Before Saturday night, it appeared the only suspense surrounding the 2016 New Hampshire primary involved the margins by which Donald Trump and Bernie Sanders would win their respective contests, and the possibility that all three governors chasing Marco Rubio might drop out of the race altogether after trailing him again.
Of course, Rubio managed to jettison some or all of his momentum in Saturday night’s debate — but any sense of certainty in the punditocracy was probably illusory anyway. It’s important to remember that New Hampshire has a long and sometimes self-consciously perverse history of upsetting the conventional wisdom about what will happen in the primary.
The Granite State has a long tradition of thumbing its nose at the preferences of Iowa, its first-in-the-nation twin. The last time the New Hampshire Democrats voted for the same candidate in a competitive primary was in 2000 with Al Gore; you have to go back to 1992 to find a similarly harmonious early state outcome for Republicans. But high-impact results in New Hampshire go all the way back to 1952, when voters there were first allowed to directly vote for candidates rather than just delegates. President Harry Truman’s ambitions for a second full term expired when he lost to crowd-pleasing Tennessee senator Estes Kefauver. (Truman’s successor Dwight D. Eisenhower, meanwhile, began his climb to the White House by beating “Mr. Republican” Robert Taft.)
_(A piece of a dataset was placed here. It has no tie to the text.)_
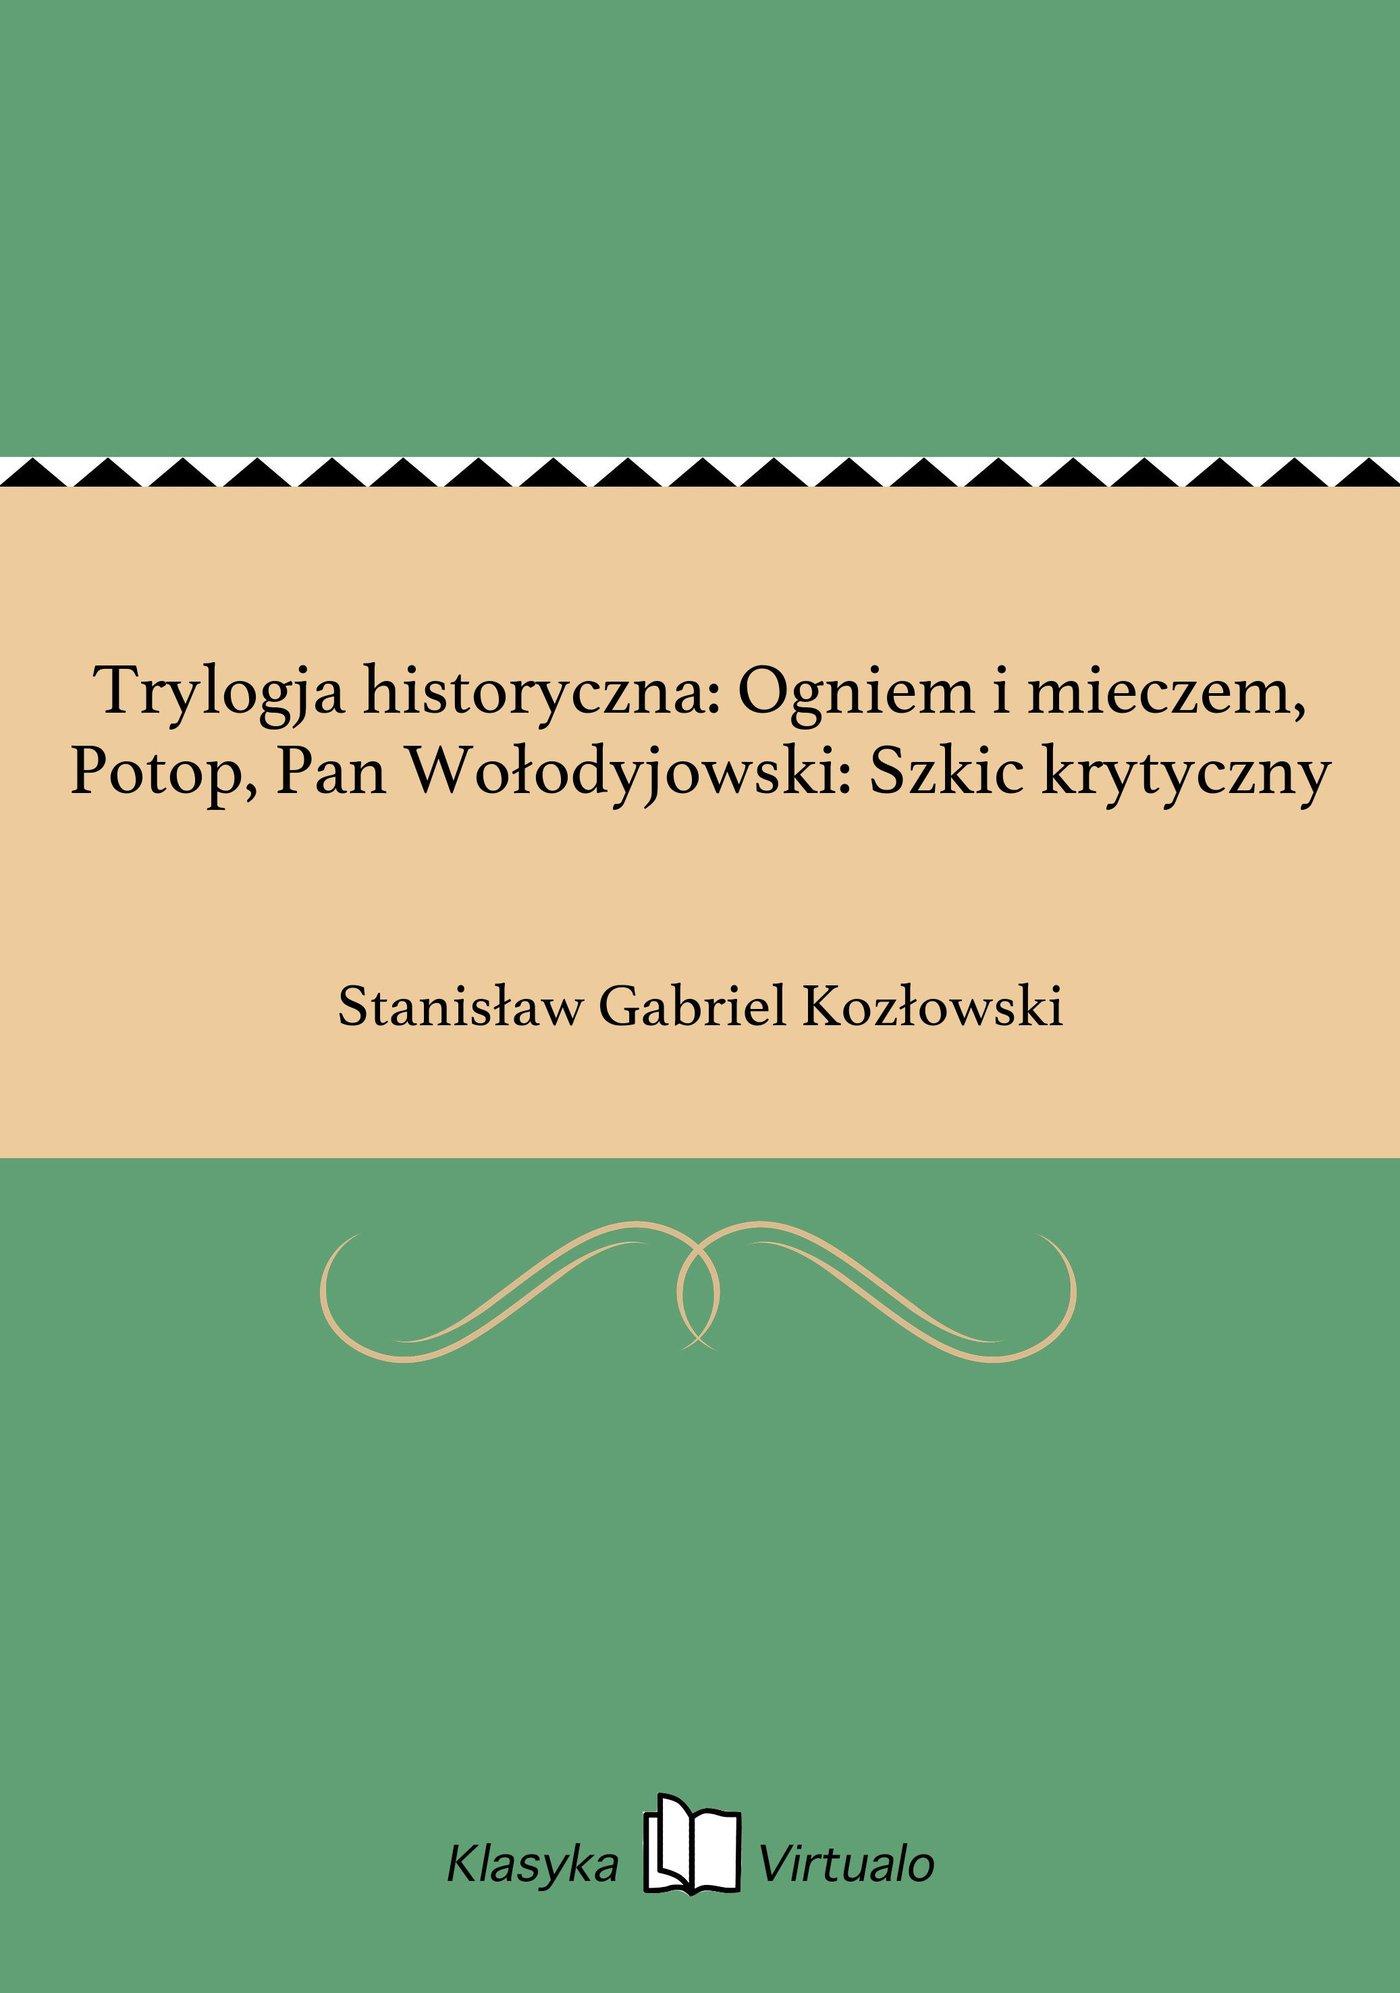 Trylogja historyczna: Ogniem i mieczem, Potop, Pan Wołodyjowski: Szkic krytyczny - Ebook (Książka EPUB) do pobrania w formacie EPUB

In 1964, Republicans surprised probably even themselves by giving a write-in candidacy on behalf of ambassador to South Vietnam (and former Massachusetts senator) Henry Cabot Lodge a victory over Nelson Rockefeller and Barry Goldwater. In 1968, Democrats showed that meeting expectations could matter as much as an order of finish, as President Lyndon Johnson was all but pushed out of a reelection race by a shockingly narrow victory over Gene McCarthy. The same thing happened to 1972 Democratic front-runner Ed Muskie, who underperformed in a win over eventual nominee George McGovern (one of two consecutive long-shot Democrats to be lifted into contention by New Hampshire, the other being Jimmy Carter in 1976). The reverse phenomenon occurred in 1992, when Bill Clinton became the “comeback kid” with a better-than-expected second-place finish immediately following the Gennifer Flowers scandal.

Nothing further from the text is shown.